Entries taken from a collection:
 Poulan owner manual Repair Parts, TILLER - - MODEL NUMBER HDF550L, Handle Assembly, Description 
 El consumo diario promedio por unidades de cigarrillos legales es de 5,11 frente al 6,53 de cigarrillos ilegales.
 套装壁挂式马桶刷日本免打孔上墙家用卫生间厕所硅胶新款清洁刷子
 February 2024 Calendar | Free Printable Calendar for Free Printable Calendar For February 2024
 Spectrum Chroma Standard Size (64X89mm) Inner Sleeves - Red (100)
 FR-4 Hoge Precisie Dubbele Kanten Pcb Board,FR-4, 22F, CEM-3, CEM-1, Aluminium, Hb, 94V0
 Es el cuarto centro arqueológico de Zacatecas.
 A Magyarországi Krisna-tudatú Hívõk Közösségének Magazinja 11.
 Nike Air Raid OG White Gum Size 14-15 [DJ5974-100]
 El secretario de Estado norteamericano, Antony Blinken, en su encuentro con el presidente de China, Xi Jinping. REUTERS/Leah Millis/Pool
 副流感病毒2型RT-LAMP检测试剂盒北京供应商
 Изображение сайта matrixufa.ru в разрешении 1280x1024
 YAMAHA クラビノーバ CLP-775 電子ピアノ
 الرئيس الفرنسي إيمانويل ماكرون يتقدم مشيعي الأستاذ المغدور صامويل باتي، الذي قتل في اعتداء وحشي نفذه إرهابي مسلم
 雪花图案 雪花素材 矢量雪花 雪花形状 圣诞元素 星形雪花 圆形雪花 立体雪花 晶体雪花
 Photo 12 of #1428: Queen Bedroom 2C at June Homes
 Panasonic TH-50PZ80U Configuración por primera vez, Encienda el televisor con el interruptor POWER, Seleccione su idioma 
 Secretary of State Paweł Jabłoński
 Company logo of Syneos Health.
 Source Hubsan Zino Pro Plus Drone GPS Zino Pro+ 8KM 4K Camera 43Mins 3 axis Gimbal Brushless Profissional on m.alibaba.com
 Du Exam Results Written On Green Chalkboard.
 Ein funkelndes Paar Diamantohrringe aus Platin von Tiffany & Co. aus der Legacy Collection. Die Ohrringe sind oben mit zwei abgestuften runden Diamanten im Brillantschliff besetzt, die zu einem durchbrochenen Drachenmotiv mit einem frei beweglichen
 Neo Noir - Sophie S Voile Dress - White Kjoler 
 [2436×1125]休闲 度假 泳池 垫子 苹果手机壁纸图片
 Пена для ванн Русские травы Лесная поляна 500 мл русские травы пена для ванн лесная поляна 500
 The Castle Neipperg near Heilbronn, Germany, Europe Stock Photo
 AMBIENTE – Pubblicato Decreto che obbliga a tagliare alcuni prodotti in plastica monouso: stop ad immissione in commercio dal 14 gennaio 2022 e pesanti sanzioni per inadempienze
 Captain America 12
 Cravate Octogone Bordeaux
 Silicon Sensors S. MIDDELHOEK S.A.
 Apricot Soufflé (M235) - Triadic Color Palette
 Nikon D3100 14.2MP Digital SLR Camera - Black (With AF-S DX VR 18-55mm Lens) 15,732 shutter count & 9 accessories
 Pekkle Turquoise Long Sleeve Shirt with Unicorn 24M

* **Task objective**: Go through the entries and report every line with the string "White".

* **Problem solution**:
 Nike Air Raid OG White Gum Size 14-15 [DJ5974-100]
 Neo Noir - Sophie S Voile Dress - White Kjoler 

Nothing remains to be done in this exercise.